Will the 6000 Fukushima radioactive clean-up workers ever get the promised danger pay?

Nuclear workers kept in dark on Fukushima hazard pay 25 CNBC Reuters 7 Oct 2014 Almost a year after Japan pledged to double hazard pay at the stricken Fukushima nuclear plant, workers are still in the dark about how much extra they are getting paid, if anything, for cleaning up the worst nuclear disaster since Chernobyl.
Under pressure to improve working conditions at Fukushima after a series of radioactive water leaks last year, Tokyo Electric Power Co President Naomi Hirose promised in November to double the hazard pay the utility allocates to its subcontractors for plant workers. That would have increased the amount each worker at the nuclear facility is supposed to earn to about $180 a day in hazard pay.
Only one of the more than three dozen workers interviewed by Reuters from July through September said he received the full hazard pay increase promised by Tepco. Some workers said they got nothing. In cases where payslips detailed a hazard allowance, the amounts ranged from $36 to about $90 a day – at best half of what Hirose promised.

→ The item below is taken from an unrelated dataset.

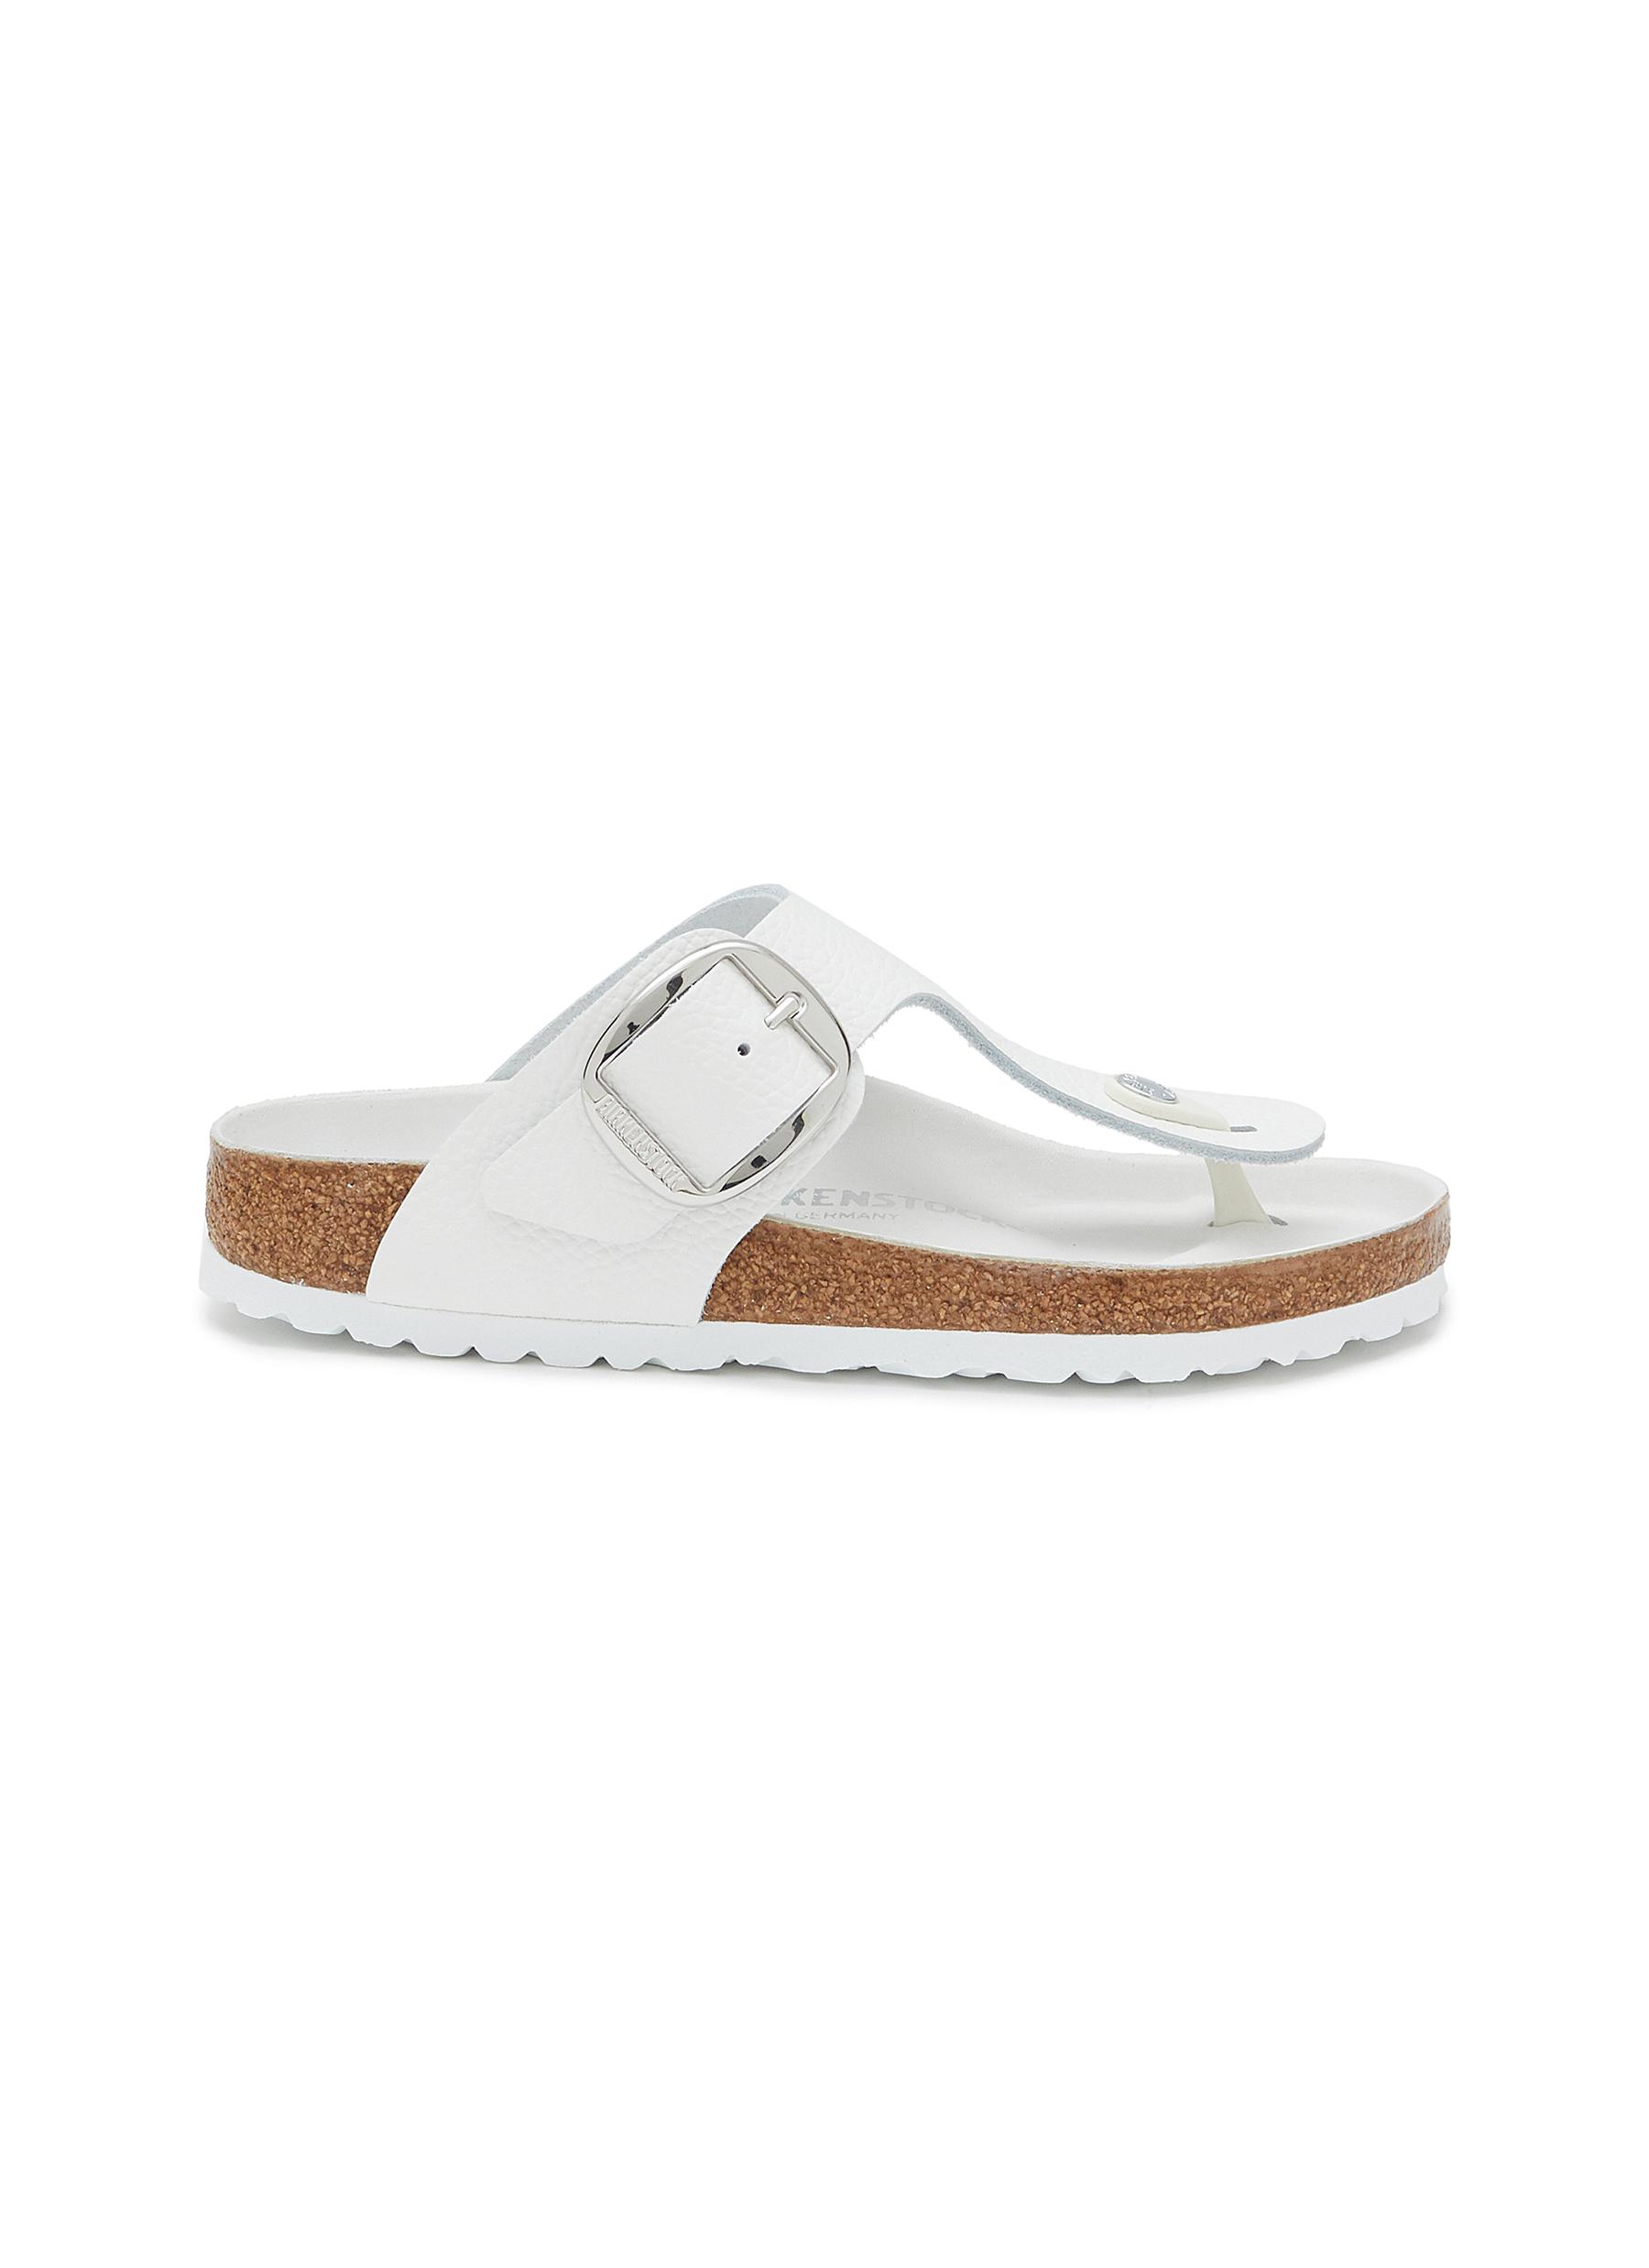 ‘Gizeh' Grained Leather Thong Sandals

In some instances, workers said they were told they would be paid a hazard bonus based on how much radiation they absorb – an incentive to take additional risks at a dangerous work site…….
Tepco still relies on some 800 mostly small contractors to provide workers for the cleanup after the tsunami that swamped the plant on March 11, 2011 sparked meltdowns at three reactors. Subcontractors provide almost all of the 6,000 workers now employed at the plant. Tokyo Electric employs only about 250 on its own payroll at the facility.
The workforce at Fukushima has almost doubled over the past year, mostly as part of an effort to protect groundwater from being contaminated and to store water that comes in contact with melted fuel in the reactor buildings.
Some of the workers who arrived recently at the plant have been building bunkers to store highly radioactive sludge, which is a by-product of the process whereby contaminated water is treated. Others are installing equipment to freeze a ring of earth around four reactors at Fukushima to keep water from reaching the melted cores, an unprecedented effort directed by Kajima and expected to cost nearly $300 million.
Kazumitsu Nawata, a professor in the University of Tokyo’s department of technology who has researched conditions inside Fukushima, said that if workers do not receive pay that is commensurate with the risks they are taking, they will ultimately look elsewhere for employment. If more experienced workers leave for safer jobs in Tokyo where constructionprojects are accelerating ahead of the 2020 Olympic Games, it will also increase the likelihood of accidents at the plant, Nawata said in an interview.